I am sure that there are patterns in every CEP engine for accessing intermediate results, but something that is a no-brainer in a procedural language may not be so easy in a CEP vendor variant of SQL.



©2007 Marc Adler - All Rights Reserved

8 comments:

Hans said...

I agree that you have to change the way you think with streaming SQL. It's not like working in a regular language. Honestly, even though I've used a stream SQl language a lot, I can't decide which way is easier.

For your problem, I suggest:

Have the sum output intermediate values on every tuple that updates it (don't know exactly how to express this in Coral8 language, but something like "output all every 1").

Select this output into a window that keep the last 1 tuple.

When a GUI requests an update, join this request tuple with the window. This will produce one tuple of output (joining 1 tuple with 1 tuple) that contains the sum. Send this back to the GUI.

Another option is simply to output intermediate values every 30 seconds. The GUI subscribes to this feed and has to wait at most 30 seconds to get the latest value.

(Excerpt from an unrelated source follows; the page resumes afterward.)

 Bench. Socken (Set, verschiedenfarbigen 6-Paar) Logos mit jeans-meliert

In either case, anything needing the summary at the end of the day will have to subscribe to a second stream which filters the intermediate values and only publishes one at the end of the day.

Hans said...

From my previous comment: with the window idea, I think that rather than joining in a request message to that window and sending back a response, maybe a client can just connect and select the one value that's in the window. Sort of like a regular database.

marc said...

Hans,

Having the user wait 30 seconds, or even 10 seconds, is not acceptable to traders who are used to instantaneous response.

I don't want the CEP engine to publish into my GUI every time it receives a new tuple. I want a simple request/response interface into the CEP engine that will let me query the state of any stream or any variable. I want to have "pull" mechanisms as well as "push" mechanisms.

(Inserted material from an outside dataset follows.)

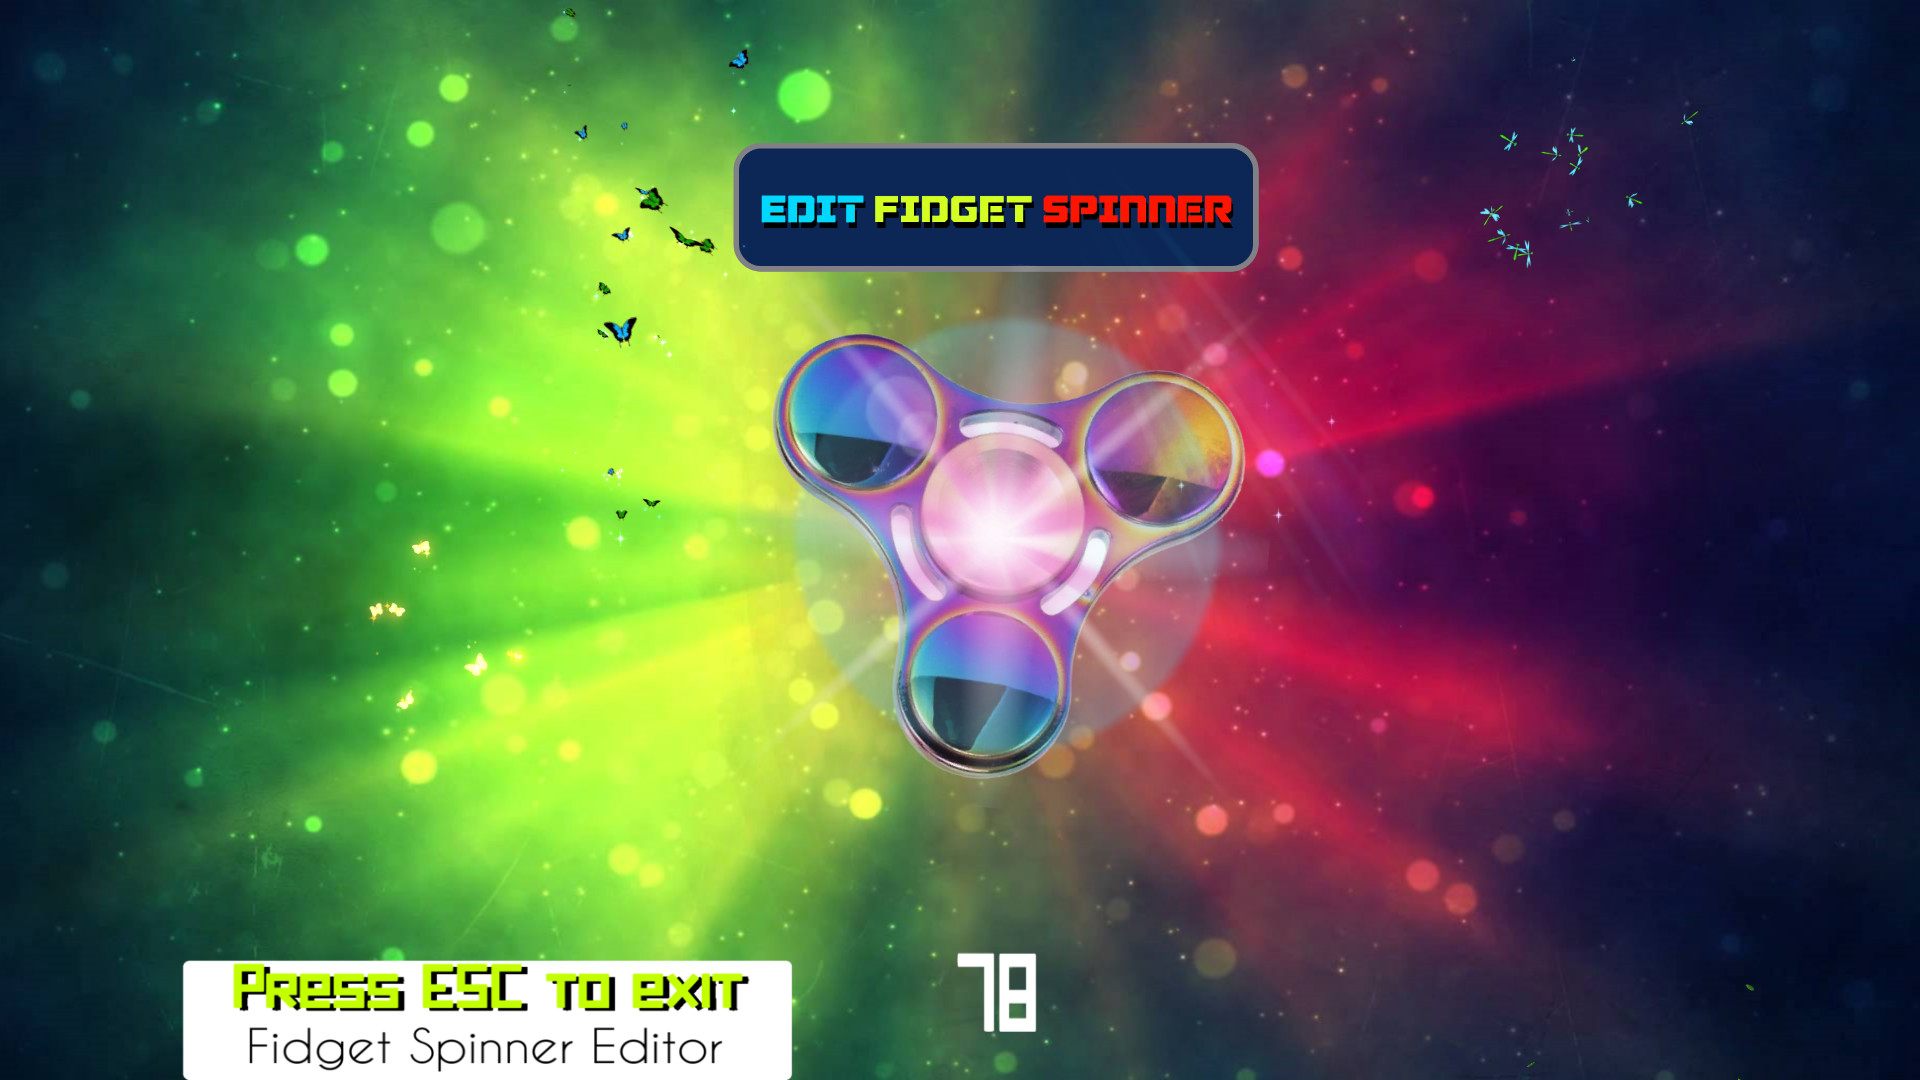 Fidget Spinner Editor - Expansion Pack 2 Featured Screenshot #1

The question comes down to: has the CEP vendor exposed a fine-grained API to the developer so that the developer can take total control of the CEP engine, and push and pull values into streams and variables.

Hans said...

I suppose that it boils down to this:

You can create a window that contains a single tuple with the very most current value of the volume. This is like having a table with one row and doesn't mean publishing a message every time a new execution report comes in.

If Coral8 allows the client to query the value of this window directly, then you have what you want. Every time they want an update, select from this window and use the one row to display the volume.

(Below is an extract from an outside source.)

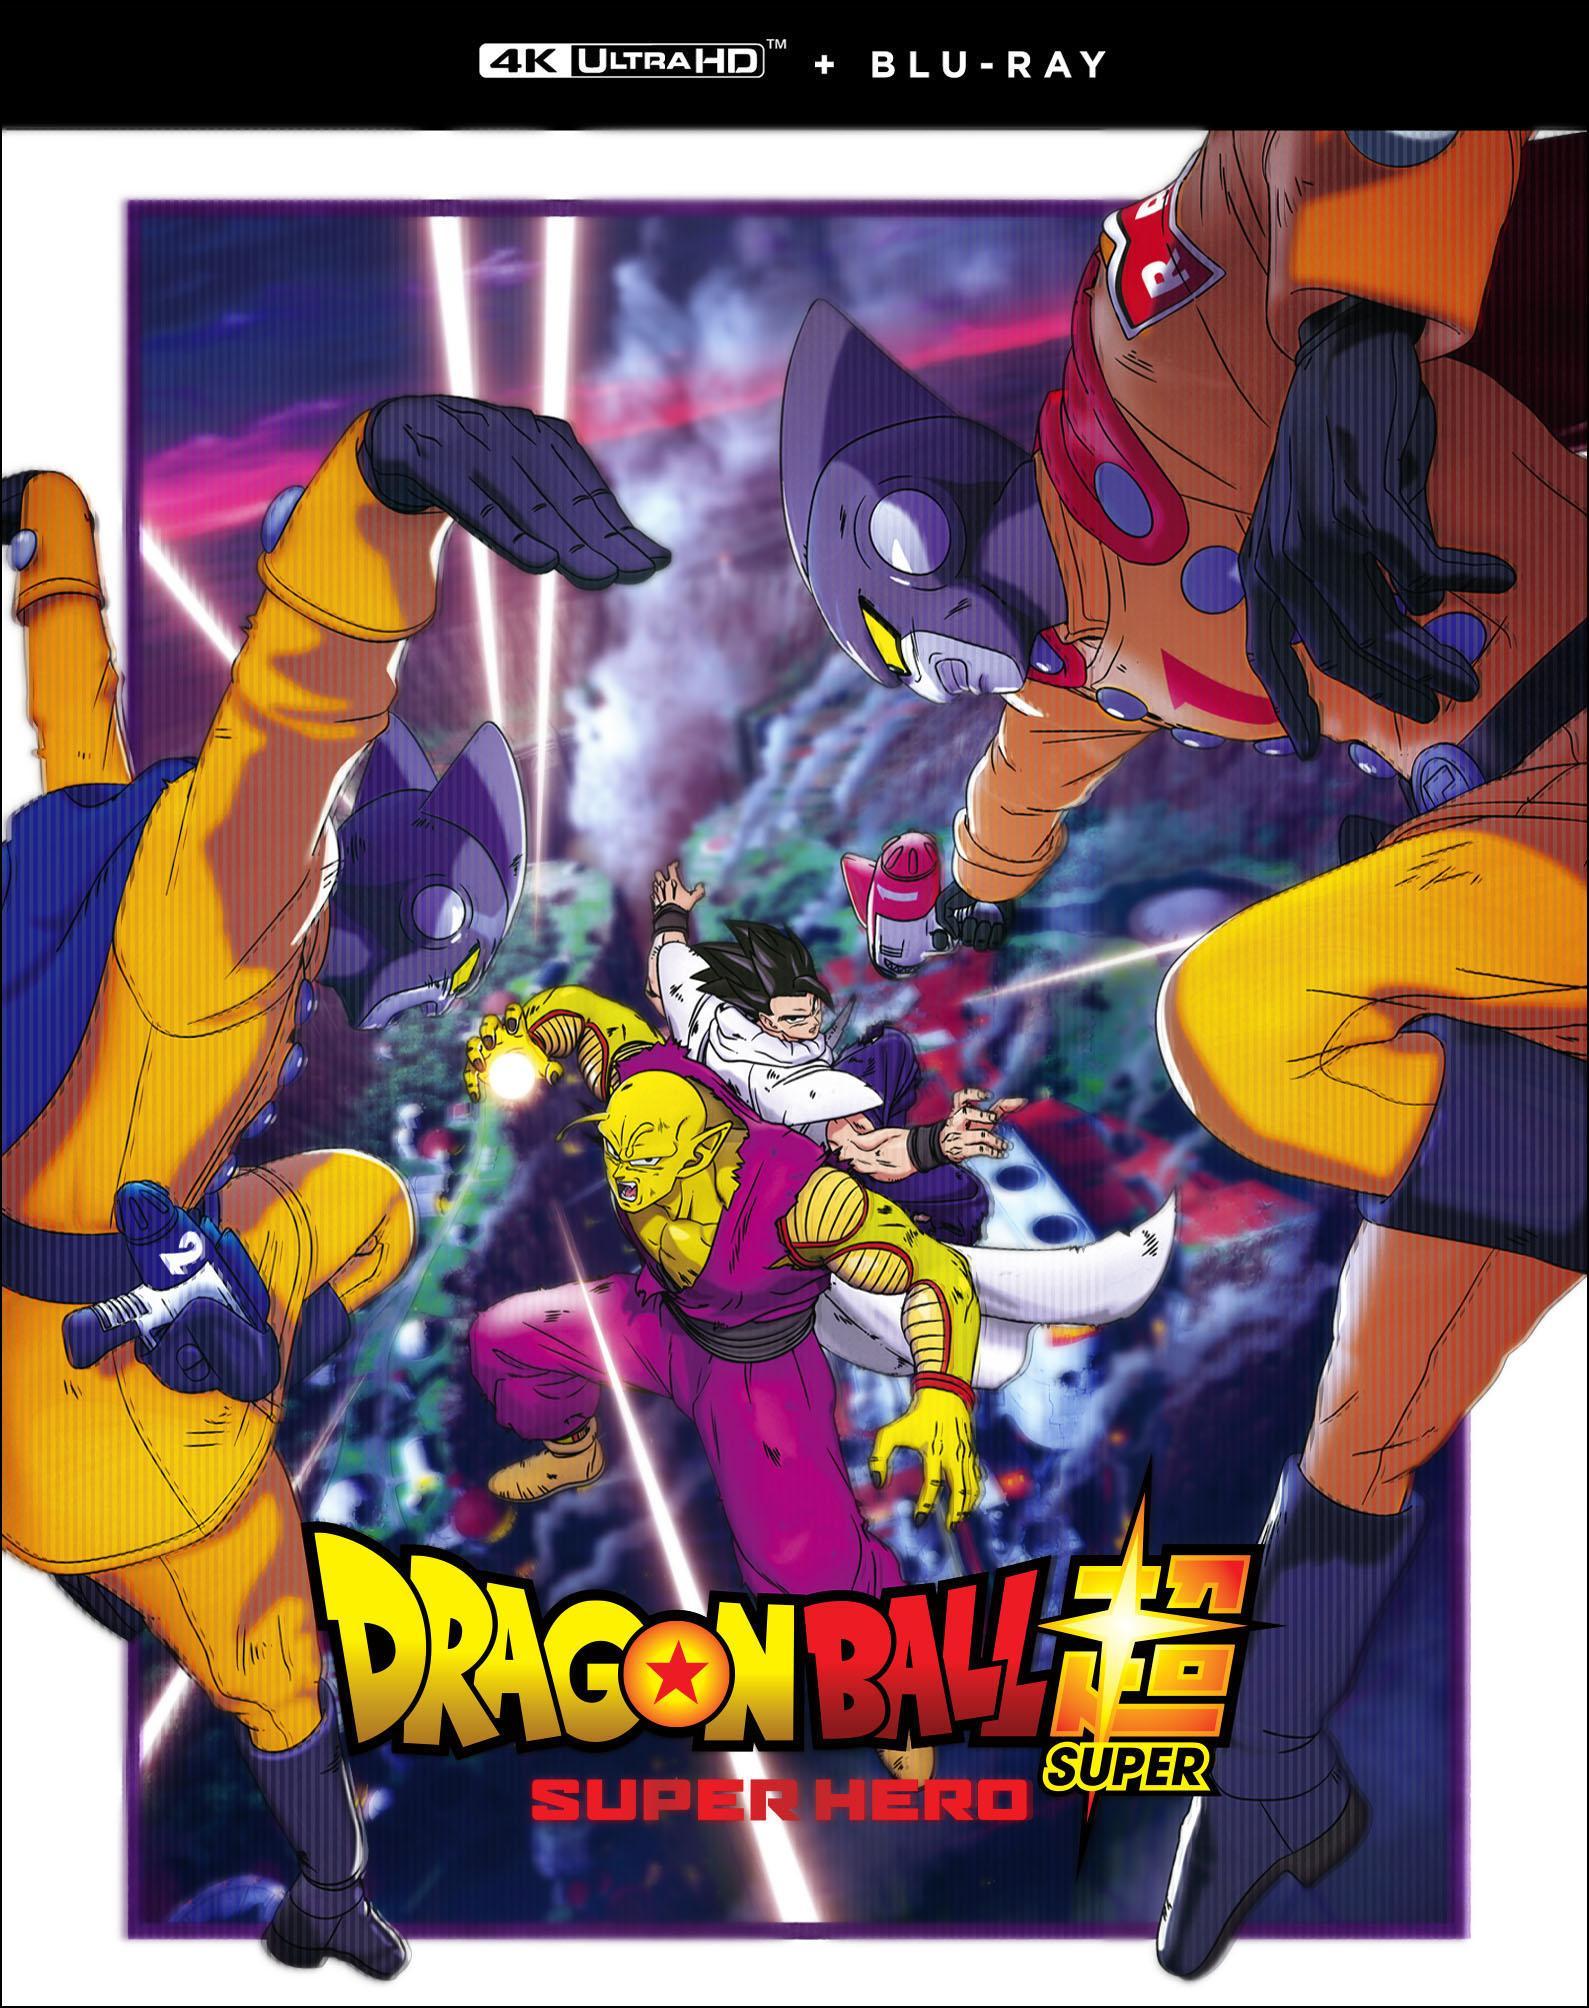 Dragon Ball Super: Super Hero (4K Ultra HD + Blu-ray) - UHD

If not, it will be annoying.

AXW said...

In SB you can do the materialized window to store the last value. Then "query" (join) it to a request tuple and grab your results on the way out.

However, you're not going to get request/response in any 'pure' stream solution.

As a practical solution, you're going to have to most likely store your current values outside the stream.

--aaron (formerly of SB)

Hans said...

Hi Aaron, didn't have a very long career with SB, huh?

This was the solution I was suggesting but I thought that maybe a product would allow one to query into the materialized window directly, rather than using the request-response tuples.

Jon said...

I'm not sure if other CEP platforms have this, but the Aleri Streaming Platform does have a SQL interface that one can use to pull data from streams. The SQL interface can be accessed by JDBC or ODBC drivers that ship with the product, or a native interface that is the same as the Postgres native interface. In fact, the SQL interface is an integral part of one of Aleri's vertical applications, Liquidity Management.

Anonymous said...

Esper features a pull API that can be called upon to retrieve current state.